Poland asks US for files on deported ex-Nazi guard

Prosecutor says documents may help ‘fill in the gaps’ on whether Jakiw Palij, now 95, took part in liquidation of Warsaw Ghetto

This 1949 photo provided by the US Department of Justice shows a US visa photo of Jakiw Palij, a former Nazi concentration camp guard who had been living in the Queens borough of New York. (US Department of Justice via AP)
This 1949 photo provided by the US Department of Justice shows a US visa photo of Jakiw Palij, a former Nazi concentration camp guard who had been living in the Queens borough of New York. (US Department of Justice via AP)

WARSAW, Poland (AP) — Poland has asked the US to share all the documents gathered on a deported former Nazi concentration camp guard in the hope they may provide grounds for charging the 95-year-old with World War II-era crimes, a prosecutor said Friday.

Jakiw Palij, an ethnic Ukrainian, was deported to Germany on August 21 for having lied and concealed his Nazi wartime past to enter the US after the war.
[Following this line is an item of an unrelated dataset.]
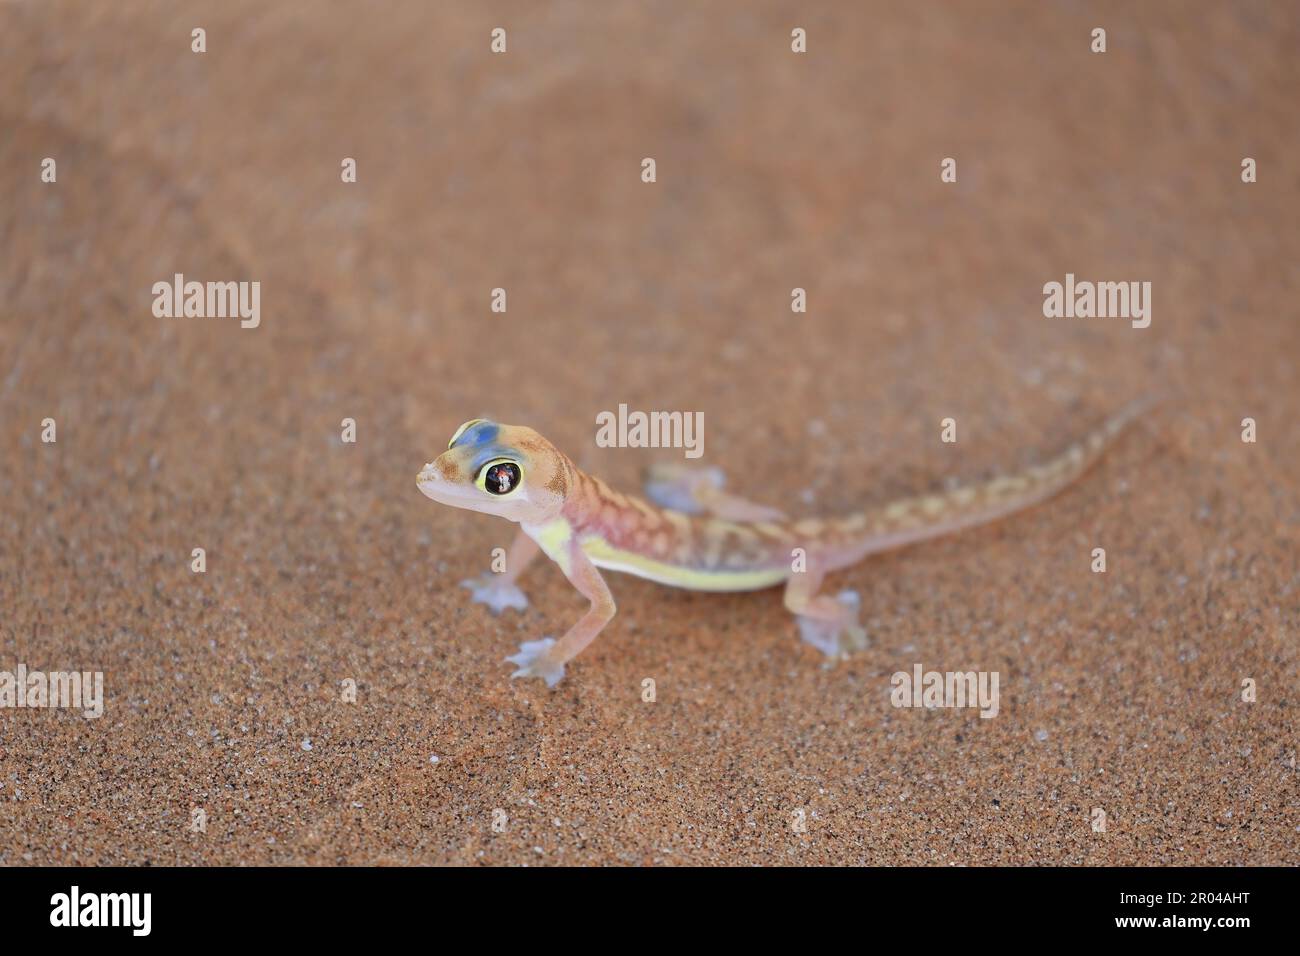 Gros plan d'un Namib Dune Gecko Banque D'Images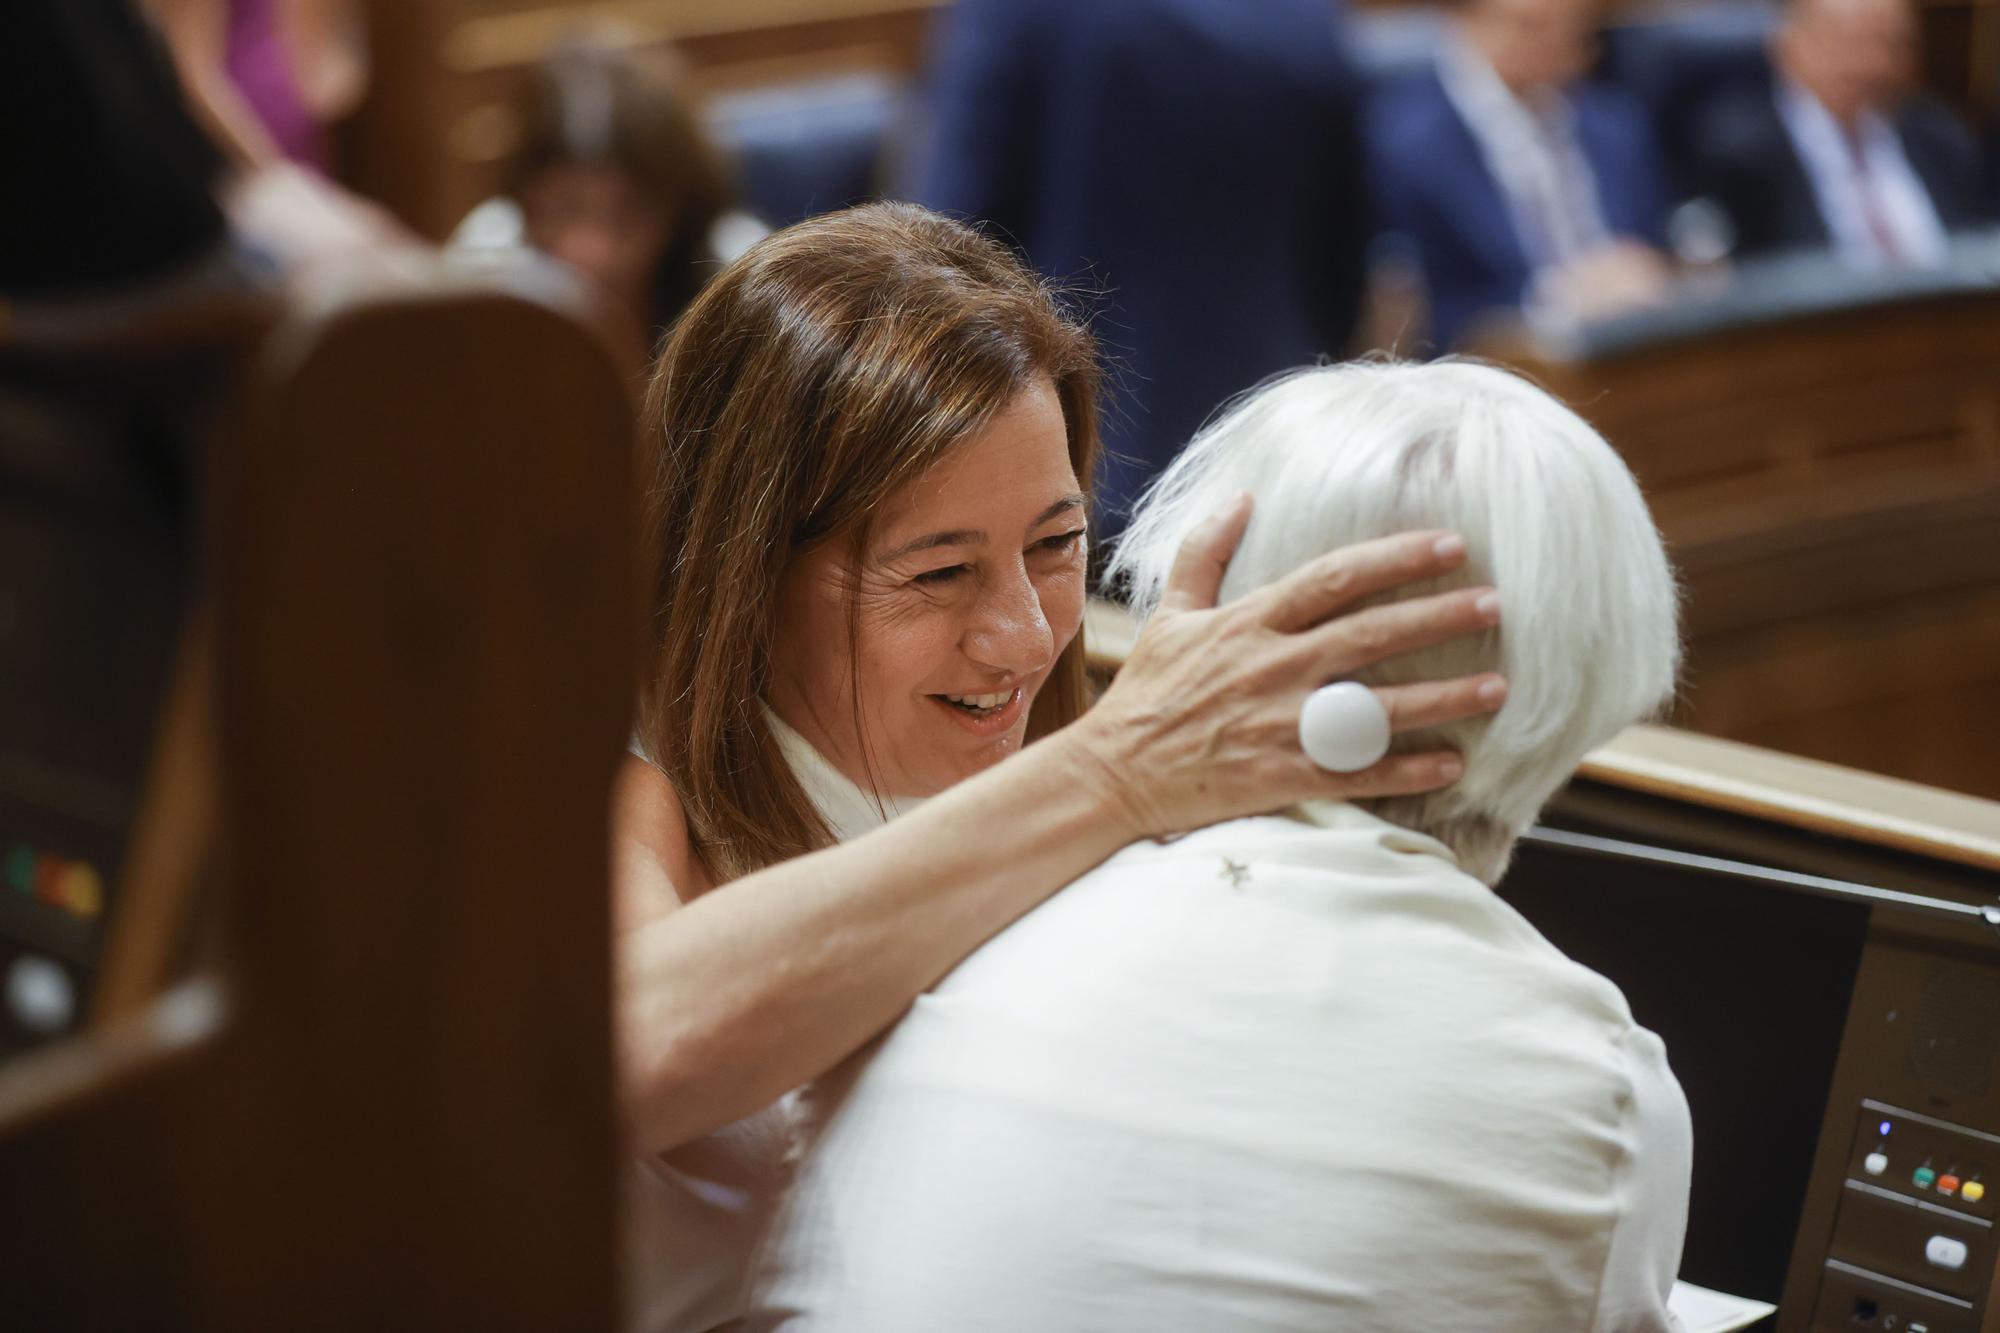 FOTOS | Francina Armengol elegida presidenta del Congreso

He was stripped of his US citizenship in 2003.

Palij is of interest to Poland’s Institute of National Remembrance, which is investigating the Trawniki concentration camp that was run by occupying Germans in Poland where he trained and served as a guard in 1943. The state institute’s task is to investigate and prosecute wartime crimes.

Prosecutor Jacek Nowakowski said the US files may help “fill in the gaps” in documents held by the institute regarding Palij, and could provide information that could lead to charges against Palij.

Nowakowski, of the institute’s Lublin office in the southeast region where the Trawniki camp was, said the US files may help establish whether Palij took part in the liquidation of the Warsaw Ghetto in 1943.

“We cannot exclude that as a result of the steps we have taken we will be able to send an extradition request [to Germany],” Nowakowski said.

In this screenshot from August 20, 2018, Jakiw Palij, a former Nazi concentration camp guard, is carried on a stretcher from his home into a waiting ambulance in the Queens borough of New York. (ABC via AP)

Officials in Germany have repeatedly said there is insufficient evidence to prosecute him there.

Palij lived quietly in New York for years, as a draftsman and then as a retiree, until nearly three decades ago investigators found his name on an old Nazi roster and a fellow former guard spilled the secret that he was “living somewhere in America.”

Palij, an ethnic Ukrainian born in a part of Poland that is now Ukraine, said in 1993 that he would have never received his US visa if had he told the truth about his past.

According to the Justice Department, Palij served at Trawniki in 1943, the same year 6,000 prisoners in the camp and tens of thousands of other prisoners held in occupied Poland were rounded up and slaughtered. Palij has acknowledged serving in Trawniki but denied any involvement in war crimes.